Voornamenboek

Dr. Johannes van der Schaar (1964)

Gepubliceerd op 19-12-2020

Wilhelm

betekenis & definitie

m

Tweestammige Germ. naam uit Wil- ‘wil’ (zie wil-) en ‘helm’, met de oorspr. betekenis ‘bedekker, beschermer’ (zie -helm). De twee elementen geven dus samen geen zinvolle betekenis. Zie ook Giliam. Heiligennaam: 1) Willem van Aquitanië, een belangrijke figuur aan het hof van Karel de Grote. In 806 ging hij in het door hem gestichte klooster Gellone; daar gest. ca. 812; kerk. feestdag: 28 mei. In de Fra. middeleeuwen heldenepiek wordt hij een legendarische figuur.

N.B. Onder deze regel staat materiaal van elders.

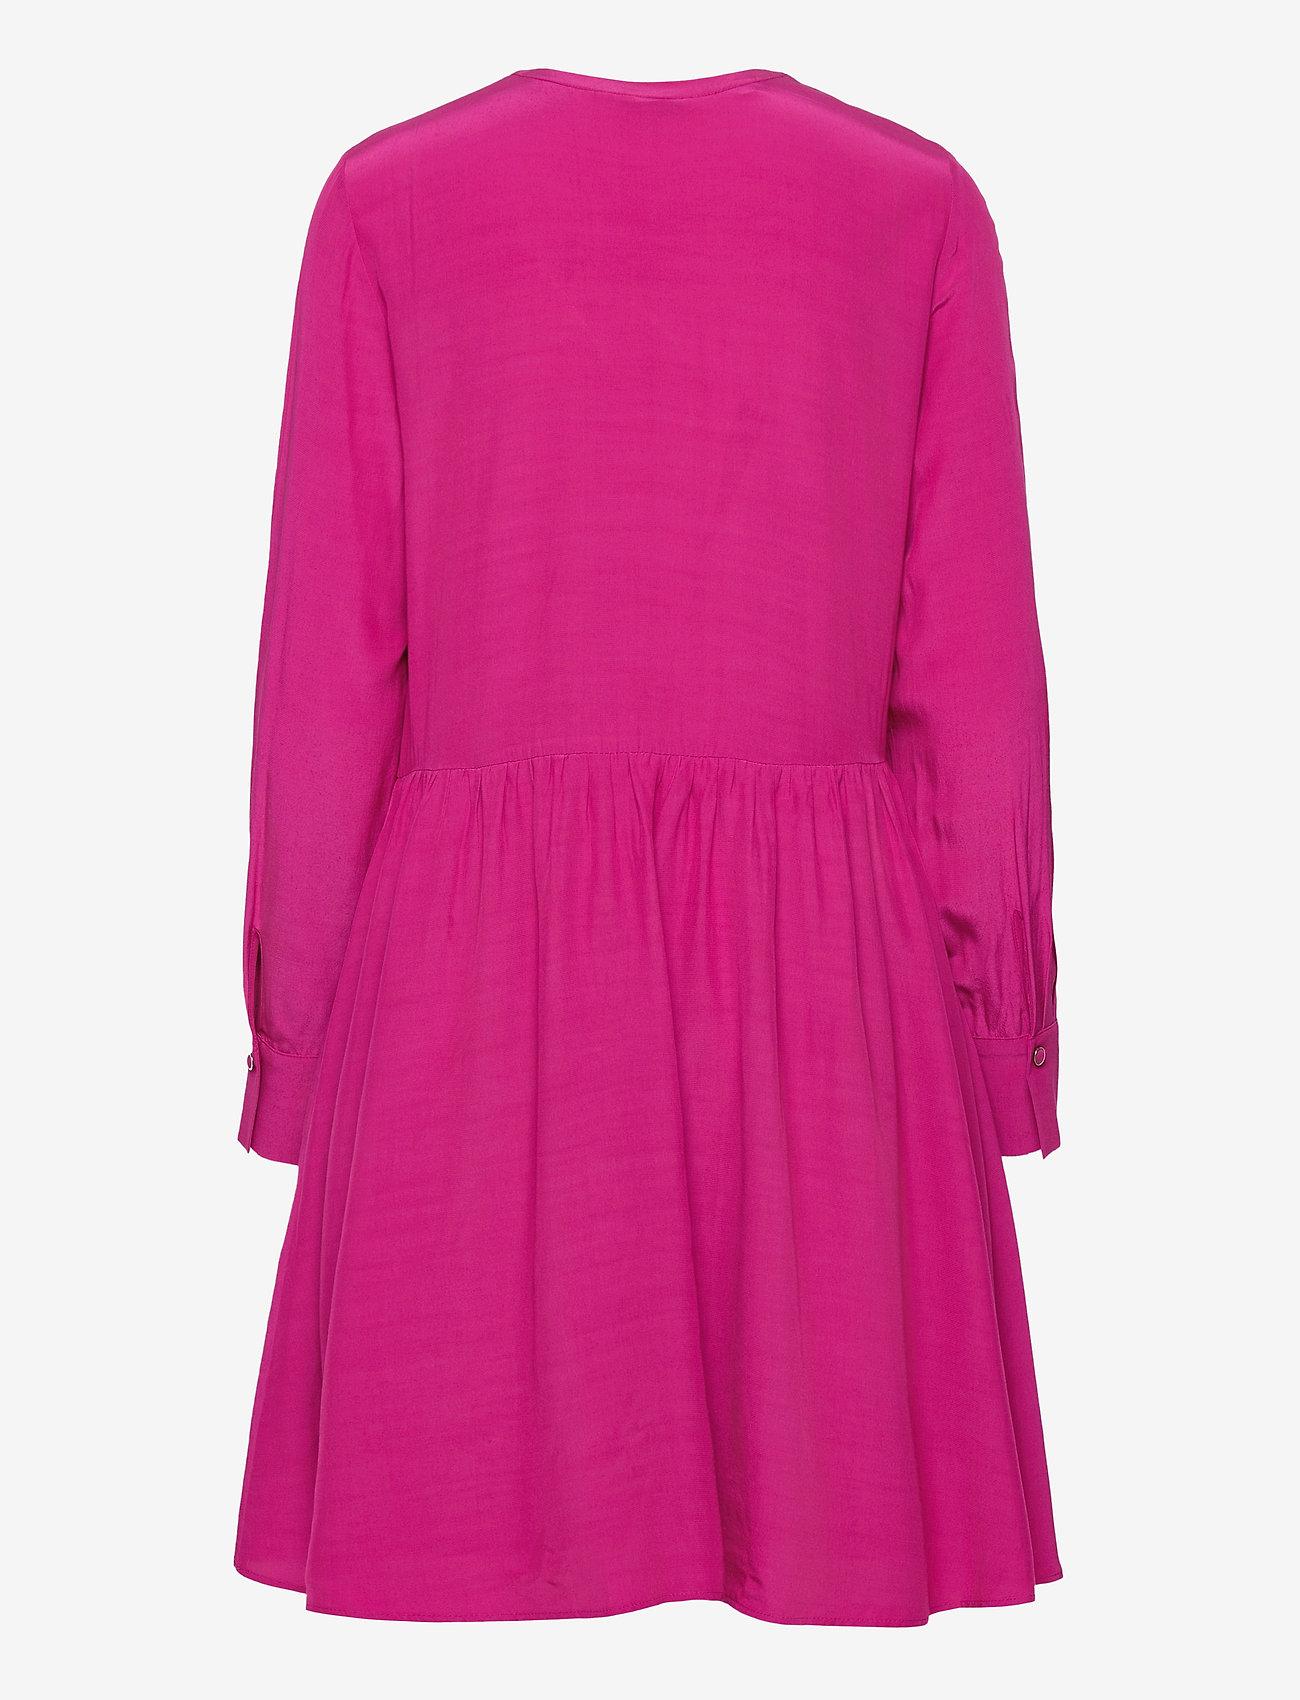 Tommy Hilfiger - VISCOSE CDC ABOVE KNEE DRESS LS - alledaagse jurken - fuchsia - 1

Ook in het werk van Wolfram von Eschenbach komt hij voor; 2) Wilhelmus Firmatus, geb. in Tours, kluizenaar op verschillende plaatsen, o.m. in Mantilly; gest. ca. 1095; kerk. feestdag: 24 apr.; 3) Wilhelmus van Donjeon, geb. 1150, in 1200 aartsbisschop van Bourges; gest. 1209; kerk. feestdag: 19 jan.; 4) Wilhelmus van AEbelholt. geb. ca. 1127 in Parijs. In 1165 abt van het klooster Eskilsó (De.) en na stichting van het klooster AEbelhoft in 1175 abt daarvan. Gest. 1203 in /Ebelholt; kerk. feestdag: 6 apr.; 5) Wilhelmus, bisschop van St.-Brieuc in 1220, gest. 1234; kerk feestdag: 29 juli. De naam Wilhelm was in de middeleeuwen zeer populair, mede doordat hij in vorsten- en gravengeslachten voorkwam. Door Willem de Veroveraar kwam hij naar Eng. Vr. vormen komen voor sinds de 14e eeuw: Willemette 1336 (BU 445); Kortrijk ca. 1400 (Debrabandere): Willemijnne Wilgemine, Wilgemijnne, Wilgemijnkin.

Holl. 17e eeuw: Willemina, Willemtie; Monnikendam 1736: Wumpje (Gens N. XXIII, 41).